The company has publicly released its latest technology so people can build their own chatbots. Rivals like OpenAI and Google argue that approach can be dangerous.
The only reason Bard is free for now is because Google is building up a base of users who become invested in the service before turning it into a subscription. The business model will clearly be to sell the access to the service, and people being able to run their own models is the core danger for them.
I agree, but I think that computational power requirements already do that – complex models that do interesting stuff need a bunch of special v-cards to train for days, and they need a lot of data to train on – so it’s natural that those who already have data and money to process it get there first.
I think, their argument is not even about their monopoly, but to shut down the question of why and how to trust THEM with policing their LLMs before it happened. Open system can be investigated and we can find out that they over or underregulated some stuff, made it biased, find copyrighted materials, personal information, gore or CSAM in their training samples et cetera. They save metric tons of possible lawsuits by making it a rule in the industry that no one can see under the roof of their machines.
Initial training of the models is expensive, but a trained model can be run on a laptop from that point. The problem of initial training can also be addressed by doing it in distributed fashion. There are also open source projects, such as Petals, that allow you running distributed models Bittorrent style. Other approaches like LoRA allow taking existing models and turning them for a particular task without the need to do training from scratch. There’s a pretty good article from Steve Yegge on the recent advances in open source models.

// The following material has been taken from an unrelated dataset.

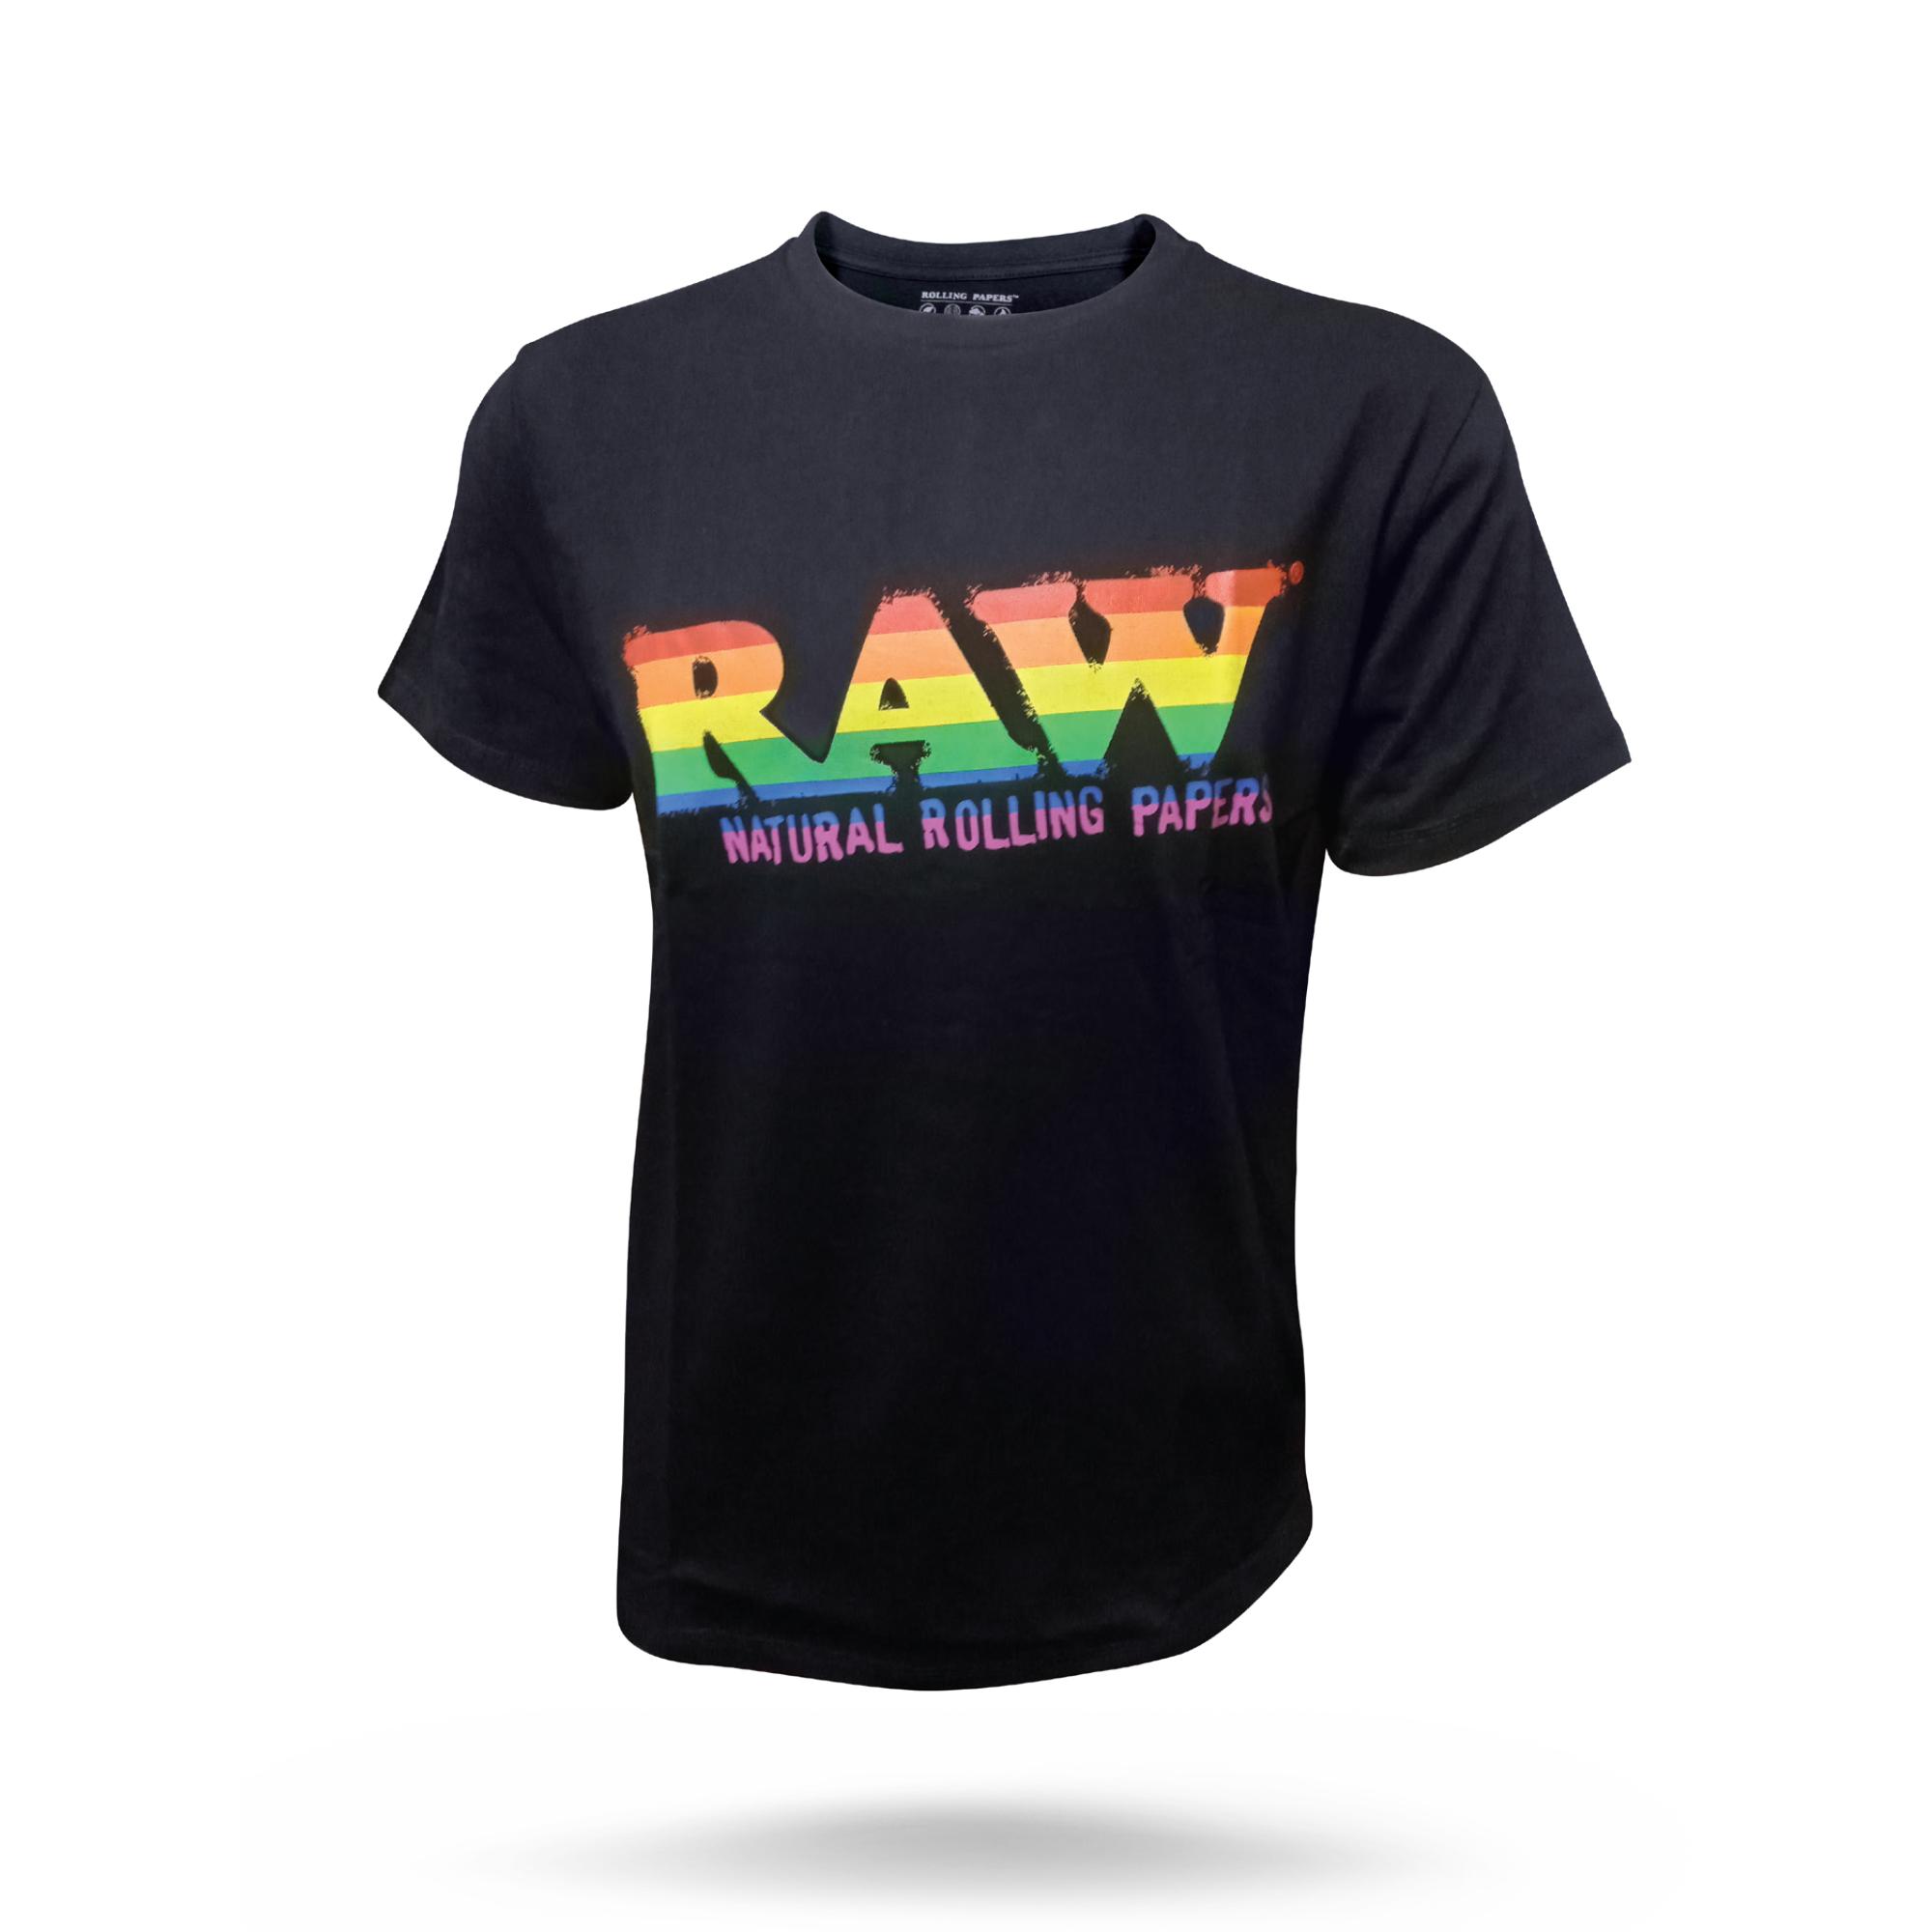 RAW Logo T-Shirt | Pride Clothing Accessories esd-official

I do agree that avoiding regulation and scrutiny are most definitely additional goals these companies have. They want to keep this tech opaque and frame themselves as responsible guardians of the technology that shouldn’t fall into the hands of unwashed masses who can’t be trusted with it.
The only reason Bard is free for now is because Google is building up a base of users who become invested in the service before turning it into a subscription. The business model will clearly be to sell the access to the service, and people being able to run their own models is the core danger for them.
I absolutely agree with you. That is the internet platform business model after all.
Still though, OpenAI and Google, I think, have a legitimate argument that LLMs without limitation may be socially harmful.
That doesn’t mean a $20 subscription is the one and only means of addressing that problem though.
In other words, I think we can take OpenAI and Google at face value without also saying their business model is the best way to solve the problem.
Personally, I think it’s far more socially harmful to allow a handful of megacorps to control this technology going forward.
I agree, but I think that computational power requirements already do that – complex models that do interesting stuff need a bunch of special v-cards to train for days, and they need a lot of data to train on – so it’s natural that those who already have data and money to process it get there first.
I think, their argument is not even about their monopoly, but to shut down the question of why and how to trust THEM with policing their LLMs before it happened. Open system can be investigated and we can find out that they over or underregulated some stuff, made it biased, find copyrighted materials, personal information, gore or CSAM in their training samples et cetera. They save metric tons of possible lawsuits by making it a rule in the industry that no one can see under the roof of their machines.
Initial training of the models is expensive, but a trained model can be run on a laptop from that point. The problem of initial training can also be addressed by doing it in distributed fashion. There are also open source projects, such as Petals, that allow you running distributed models Bittorrent style. Other approaches like LoRA allow taking existing models and turning them for a particular task without the need to do training from scratch. There’s a pretty good article from Steve Yegge on the recent advances in open source models.
I do agree that avoiding regulation and scrutiny are most definitely additional goals these companies have. They want to keep this tech opaque and frame themselves as responsible guardians of the technology that shouldn’t fall into the hands of unwashed masses who can’t be trusted with it.